## Instructions for the task
Only the lines below from the one with "IPhone prognoosib aastateks 2020 ja 2021" through the one with "Backyard Basketball Court Flooring" are to be written out, exactly and without any images.

======== Records for the task

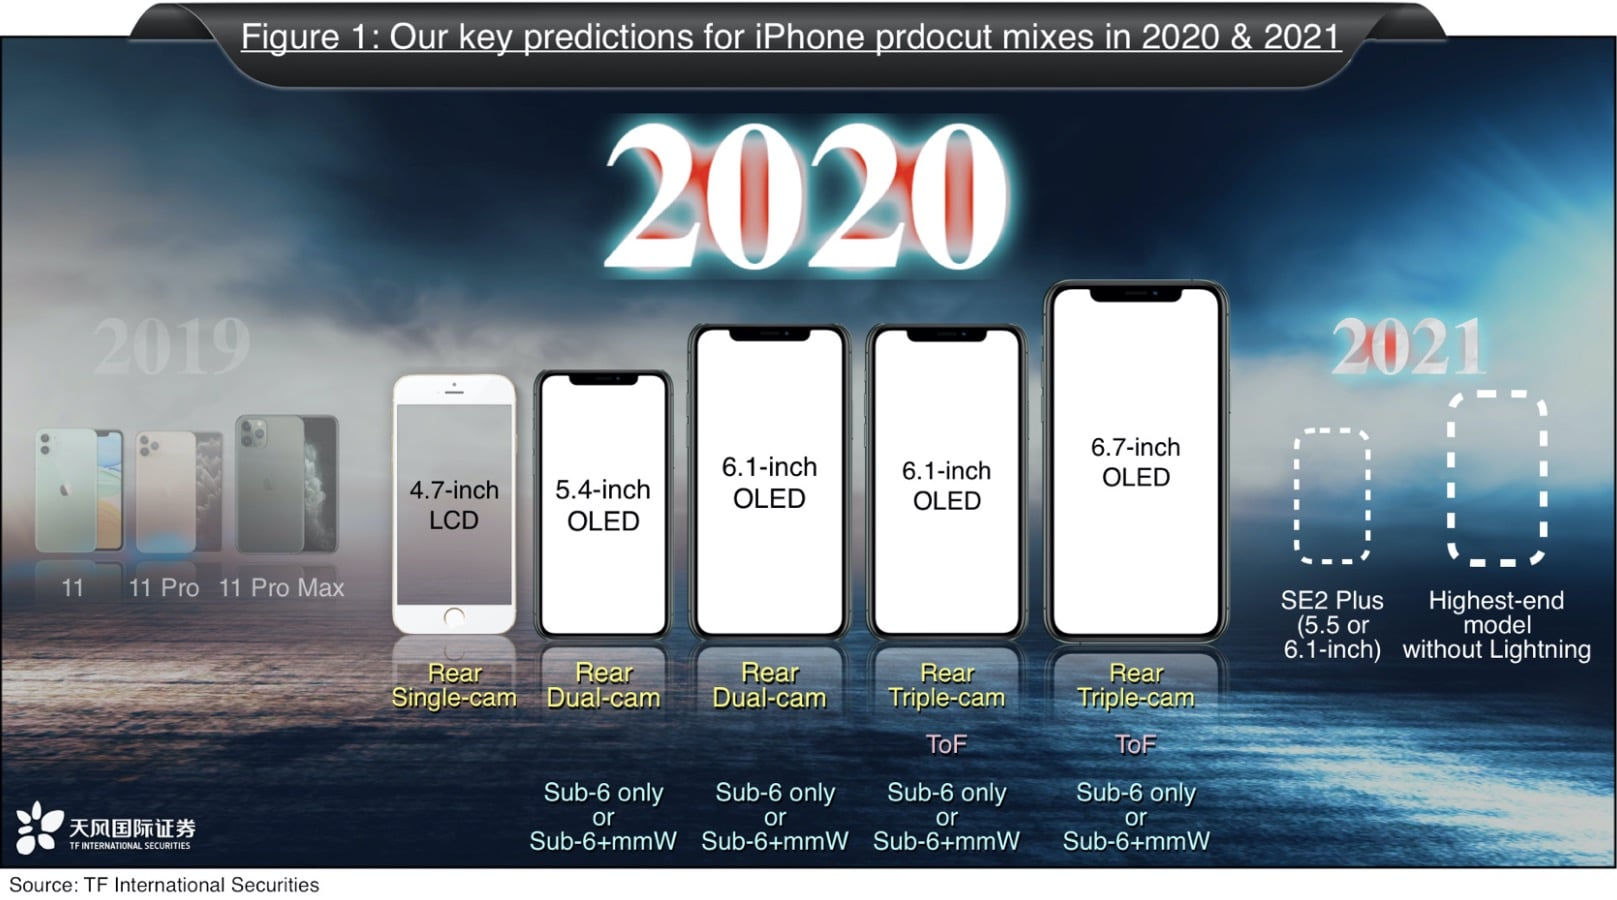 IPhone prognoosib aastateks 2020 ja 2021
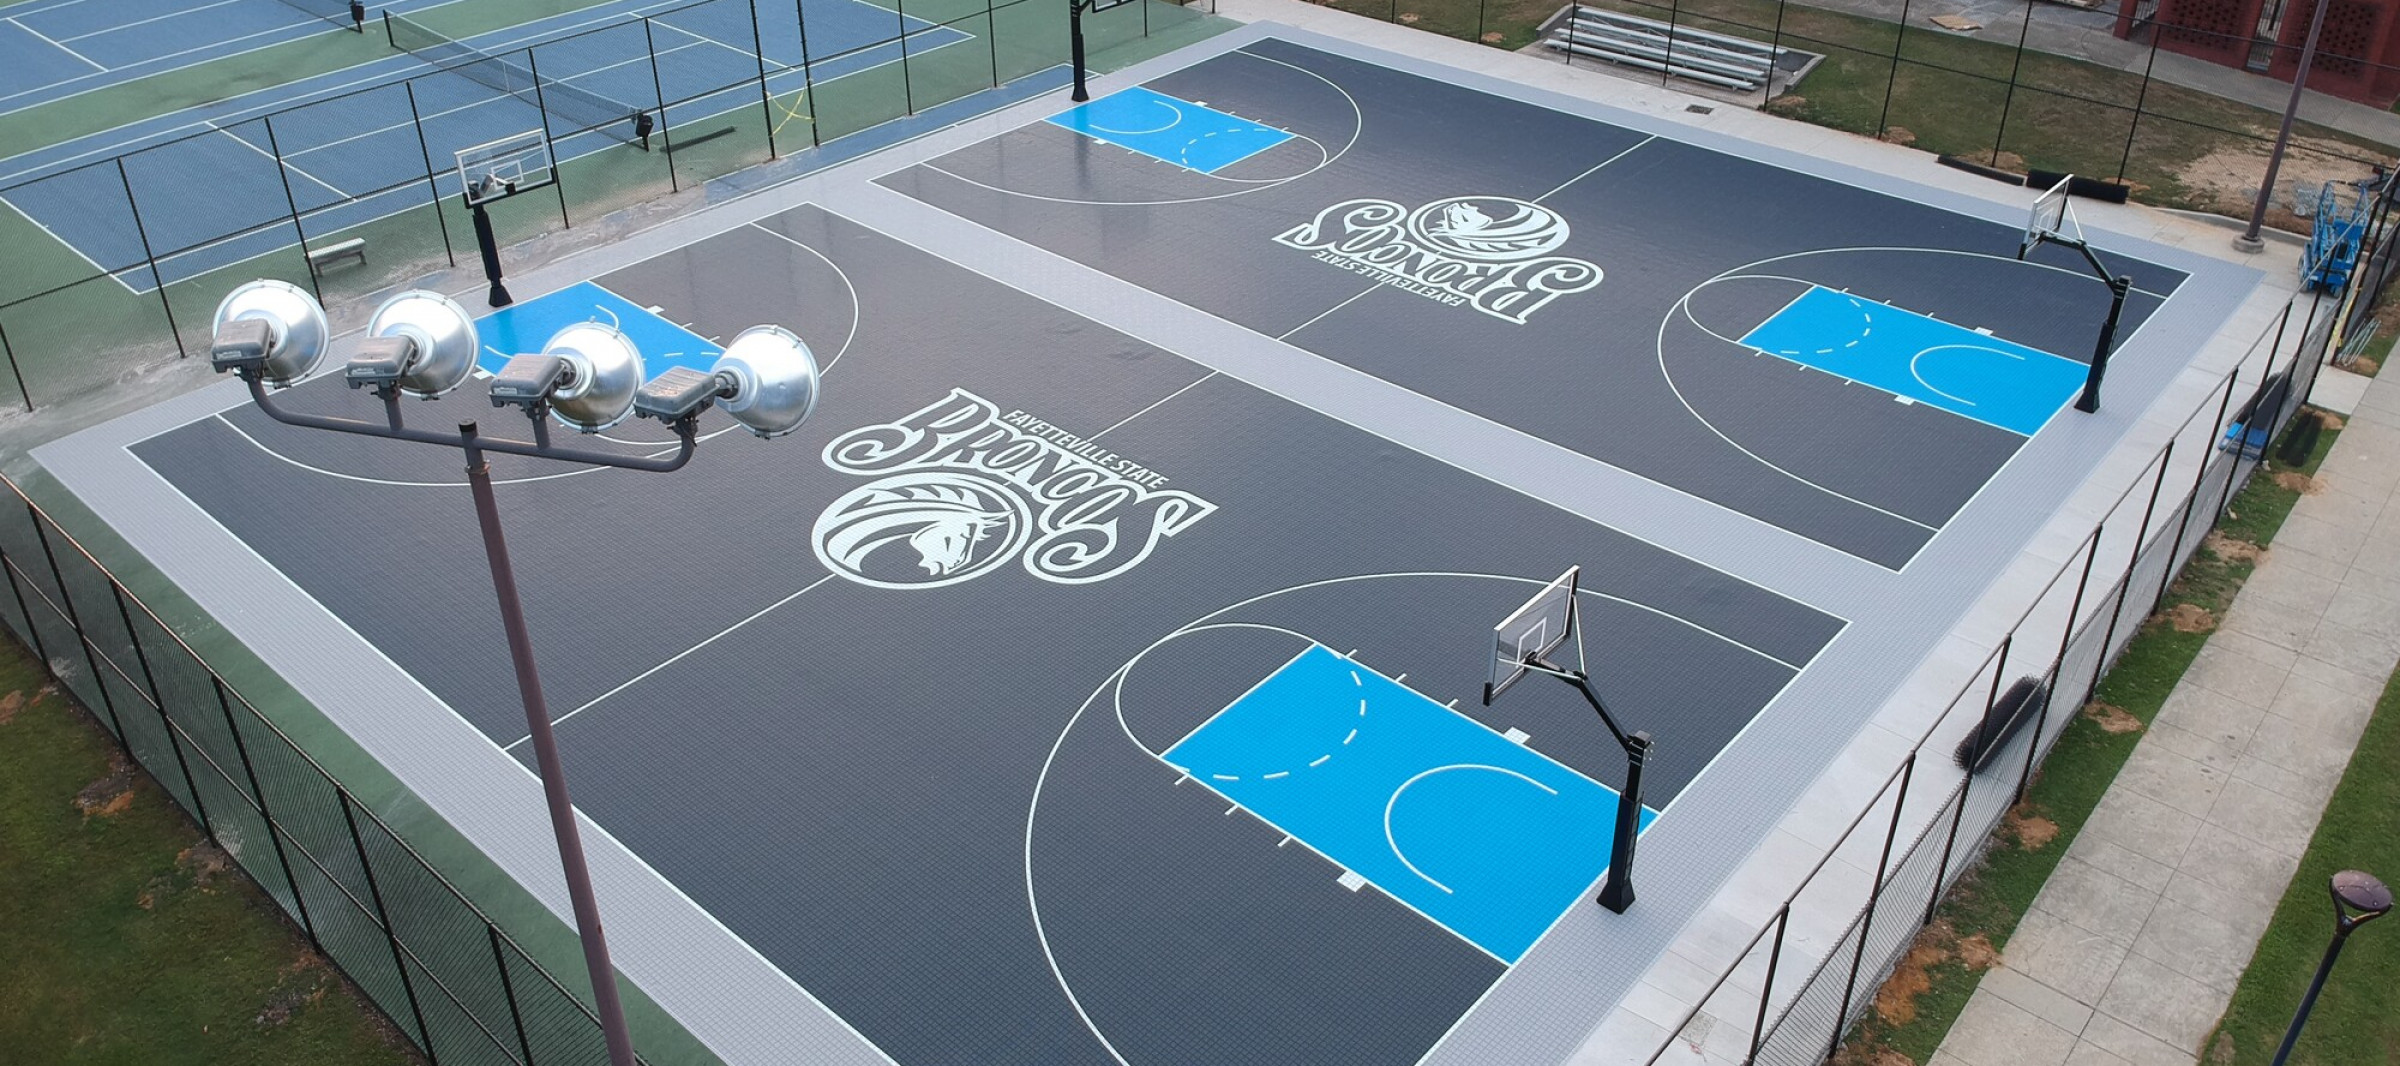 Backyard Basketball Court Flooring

================
======== Records for the task

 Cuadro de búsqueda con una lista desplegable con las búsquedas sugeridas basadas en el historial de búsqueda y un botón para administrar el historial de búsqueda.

================
======== Records for the task

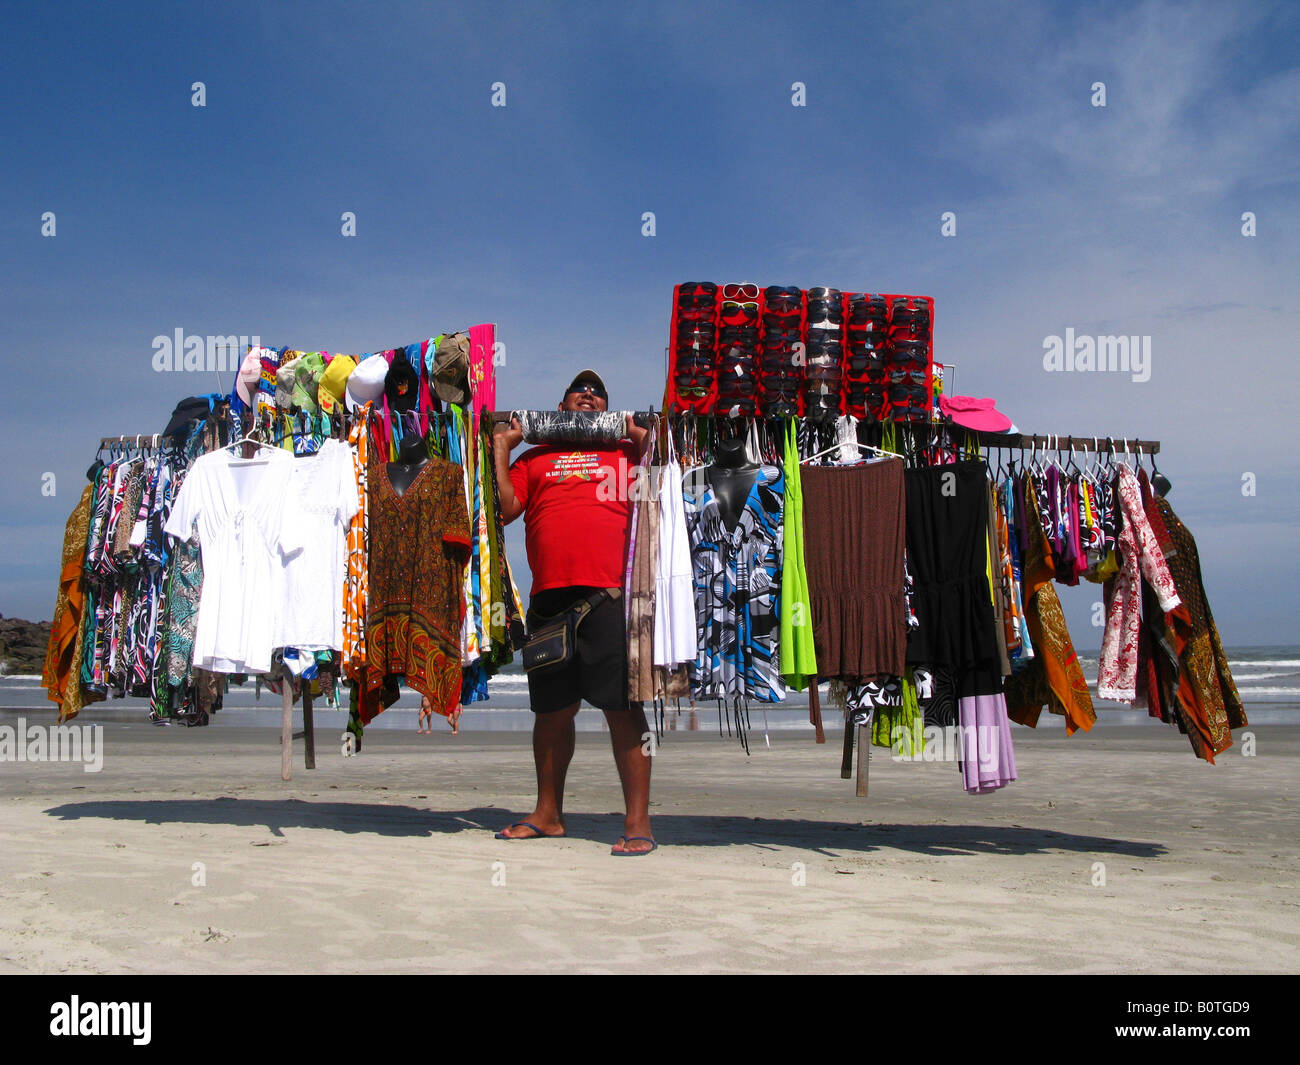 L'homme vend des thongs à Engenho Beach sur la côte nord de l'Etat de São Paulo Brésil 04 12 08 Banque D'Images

================

## Response for this exercise
 IPhone prognoosib aastateks 2020 ja 2021
 Backyard Basketball Court Flooring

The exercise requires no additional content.